Keywords: AGI, GPT, DIKWP, AGI Evaluation Framework
1. Introduction:
In recent years, researchers have shown increasing interest in cognitive artificial intelligence technology. The emergence of generative and general artificial intelligence has greatly enhanced human understanding of various digital resources and has been widely applied in fields such as text processing, machine translation, and image processing. In particular, the recently popular ChatGPT and GPT-4 have demonstrated powerful intent understanding and logical reasoning capabilities. Related research in specific human job fields, such as medicine, programming, mathematics, law, and digital creativity, suggests that their level of performance has already reached a level similar to that of human experts.
Numerous AGI and GPT testing methods have been widely applied to general and specific research, such as in medicine. While AGI is qualitatively described as a data-driven aggressive method under the data relay mode, it is increasingly demonstrating information extraction, knowledge inference, intelligent strategies, and intent analysis in terms of interactive performance. This reflects the semantic association and transformation of data, information, knowledge, wisdom, and intent in the data representation space and Bayesian processing. However, current evaluation methods pose significant challenges to evaluators' cognition and still lack effective, consistent, and objective evaluation systems and control standards. Current evaluations mainly reflect fragmented, divergent, and excessively experiential problem interactions, with subjective interpretations of the same results. The lack of an effective, objective, and comprehensive evaluation system not only leads to confusion in the development and planning direction of large models but also poses obstacles to the governance of AGI. Therefore, based on the DIKWP framework, this article demonstrates a more complete testing system. By graphping digital resources to the DIKWP model and expression system and transforming digital interaction into DIKWP system interaction, a complete closed intelligent AI target graphping space can be formed for AGI. Furthermore, based on the transformation of difference space and uncertainty space, a complete AI evaluation space is constructed, providing a more objective, comprehensive, and consistent method for evaluating AGI and GPT technologies.

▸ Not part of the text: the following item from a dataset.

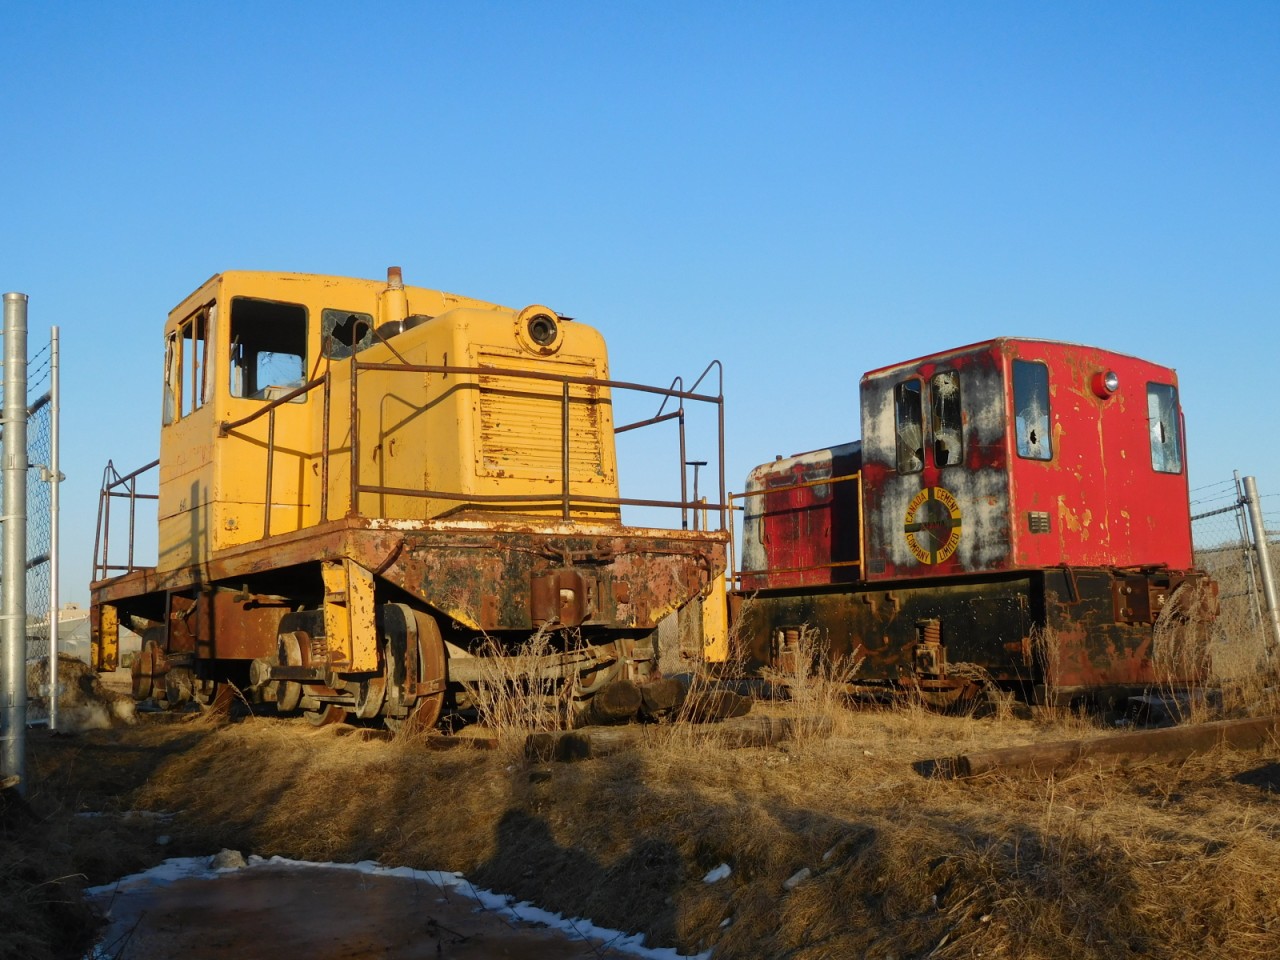 A pair of very old GE's continue to rust away in the Fort Garry Industrial in Winnipeg. The yellow unit (Canada Cement 641) is a GE 50-ton built in May 1947, the red unit (Canada Cement #?) is a GE 15-ton built in April 1955. These units will never run again, unless they get extensive repairs. They are quite clearly in very bad shape, with the windows being smashed, paint fading, and metal rusting. Very sad seeing them like this

In this testing report, we utilized three methods to evaluate ColossalChat. Firstly, we tested ColossalChat's proficiency in understanding DICWP knowledge. Secondly, we analyzed the career planning of a database administrator using the DIKWP framework with ColossalChat. Thirdly, the DIKWP team provided suggestions to ColossalChat.
2. ColossalChat's Mastery of DIKWP Knowledge and Concepts.
What is DIKWP?
DIKW stands for Data-Information- Knowledge- Wisdom, which are five levels of increasing abstraction in information science and technology. It can be used to describe how data is transformed into knowledge or wisdom through various processes such as analysis, interpretation, understanding, etc.
What is DIKWP (Data, Information, Knowledge, Wisdom, Process)?
DIKWP stands for Data-Information-Knowledge-Wisdom-Processes, which are six levels of increasing complexity in information science and technology. This model emphasizes the importance of processes involved in transforming raw data into useful knowledge and wisdom. These processes include collection, storage, retrieval, manipulation, communication, and visualization.
What is the DIKWP graph (Data graph, Information graph, Knowledge graph, Wisdom graph, Process graph)?
The DIKWP Graph is a framework for understanding how different types of information can be represented visually in order to gain insight or facilitate decision-making. It stands for “data”, “information”, “knowledge”, “wisdom” and “process”. Each letter represents a specific type of map which are designed to help people interpret and analyze data more effectively. The DIKWP Graph provides a comprehensive set of tools to explore and present data in meaningful ways..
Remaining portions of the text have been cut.